Alabama's constitution over the years:

How we got to where we are and where do we go from here


By Dr. Hardy Jackson
JSU Professor of History


Reprinted from the Sept. 24, 2000 Anniston Star


The time has come for us to give credit where credit is due, for us to acknowledge a group of visionaries who marked the path for us to follow. So let us raise a toast to our Founding Fathers, the authors of Alabama's constitution. They made us what we are today. A notch or two above Mississippi.

It all began back in 1901, when a group of propertied, politically powerful men met in Montgomery to design a government under which blacks and poor whites would be excluded for the political process and all important decisions would be made at the state level - their distrust of local government being second only to their distrust of popular democracy. They planned to set the system so that they, the authors (or people like them), would make those decisions, the most important of which would involve keeping taxes low and social services (including education) minimal.

They succeeded beyond anyone's wildest expectations. It took the Civil Rights movement and a host of Supreme Court cases to undo most of the restrictions that kept minorities and the poor out of politics. As for the creators' other accomplishments, even today they remain largely intact.

Now it is not like some citizens of this state haven't tried to change things, they have. But Alabama's Founding Fathers were clever enough to require a constitutional amendment for even the most insignificant innovations, minor matters that most states accomplish through legislation. And since our legislature has always included a large block of conservatives who think our constitution is just fine as it is, amendments that fundamentally alter the way we are governed have not come easily.

Still, some folks have tried.

Almost as soon as the Constitution was ratified, some Alabamians realized the straight jacket into which the document had put the state and demanded changes.
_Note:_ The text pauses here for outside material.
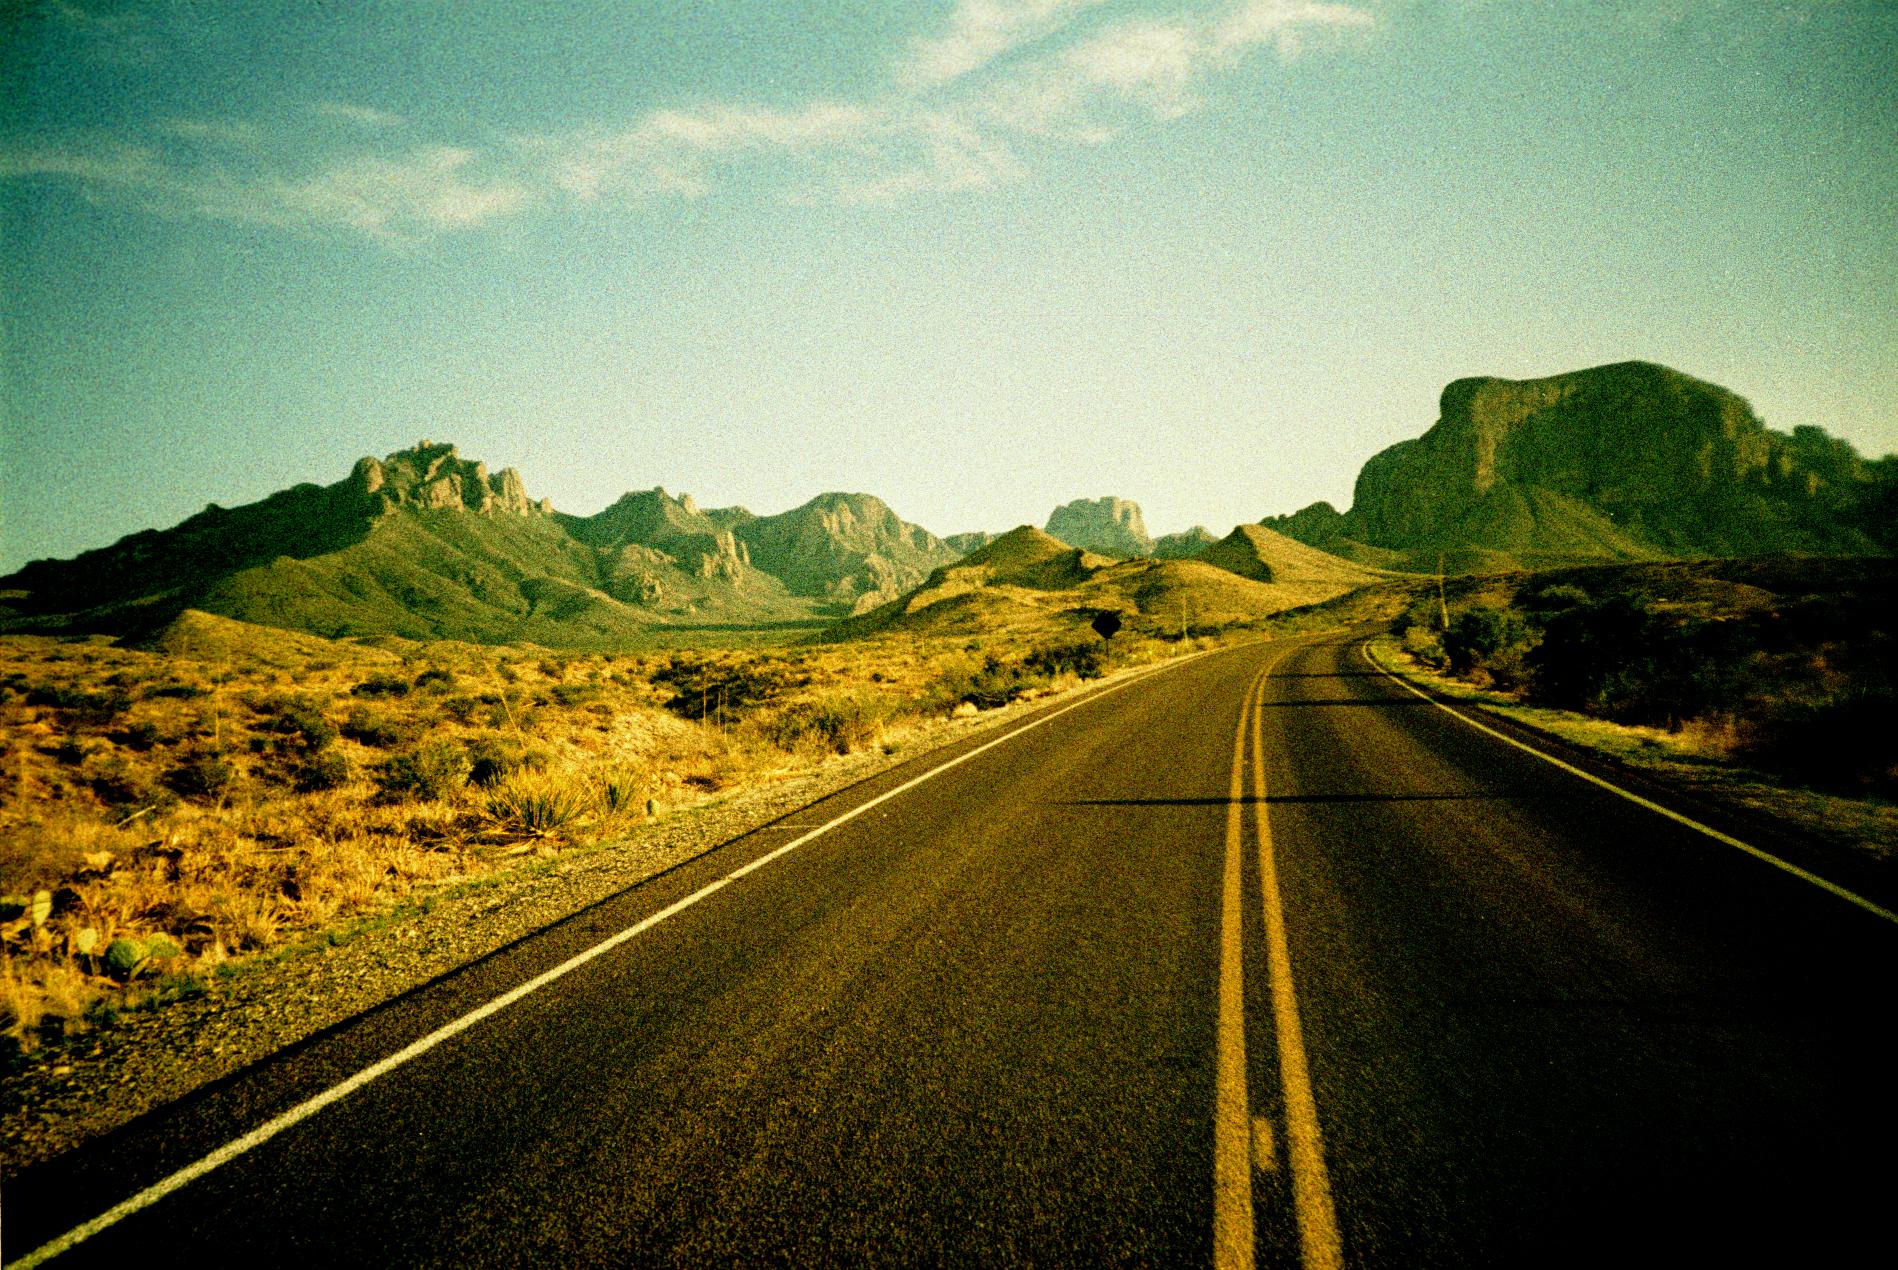 roadtrip.lomo2012.05_10015.jpg

In less than a decade constitutional restrictions on use of state money for public roads were eased, limitations on funding for schools were modified, and Alabama got its first "local" amendment - which allowed Jefferson County to regulate its own court costs. (Today, nearly 300 of our 664 amendments are "local" and of these, over 100 regulate court costs.)

Despite these alterations, the principle provisions of the document - white supremacy, low taxes, minimal social services, and centralized government - remained firmly in place.
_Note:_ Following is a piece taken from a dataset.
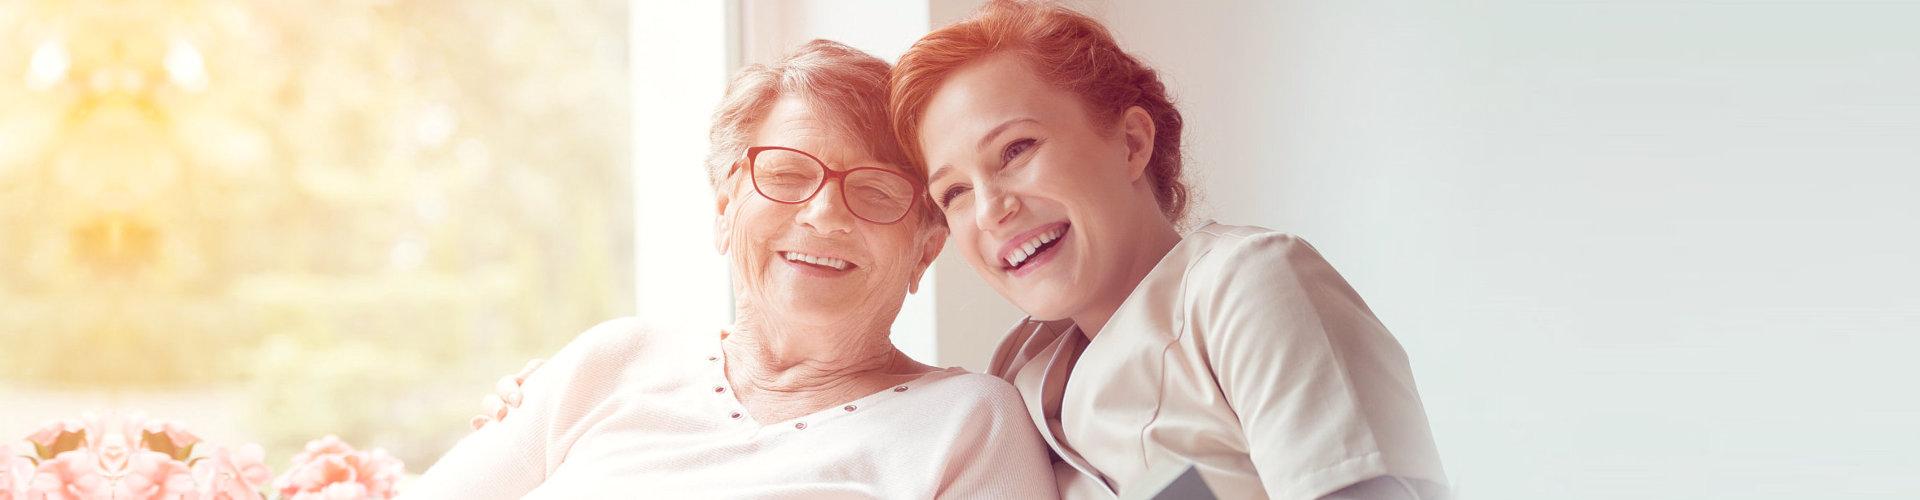 senior woman and caregiver smiling

But why shouldn't they. With most of the opposition disenfranchised and the establishment solidly behind the system, dissenters were little more than a nuisance, and not much of one at that. North Alabama industrial interests and Black Belt planters ran the state and kept their constitution intact. During its first two decades it was amended only nine times.

But change was in the wind. During the second decade of the century a group of progressive politicians began to make their presence known. Stung by critics of the South in general, and Alabama in particular, they began looking for ways to improve the image of a state whose principle characteristics seem to include provincialism and pellagra.

It was one of our early "business governors," Charles Henderson, who nudged Alabama toward its first 20th century reform initiative. In 1917 he requested that the Russell Sage Foundation of New York conduct a survey of the state and offer suggestions for improvement. What came back was a report that detailed "a grim landscape of neglect and inequity," a dismal record in education and health care, and a penal system that was downright medieval. All of this was made possible, the report noted, by an inadequate and unfair tax structure, which did not provide the resources necessary to improve the quality of life for the poor and the powerless.

But recall please that neglect and inequity, inadequacy and unfairness, were just what the Constitution of 1901 was all about. So in a way the Sage Report actually confirmed the competence of our constitution's creators and underscored how successfully the torch had been passed to the next generation.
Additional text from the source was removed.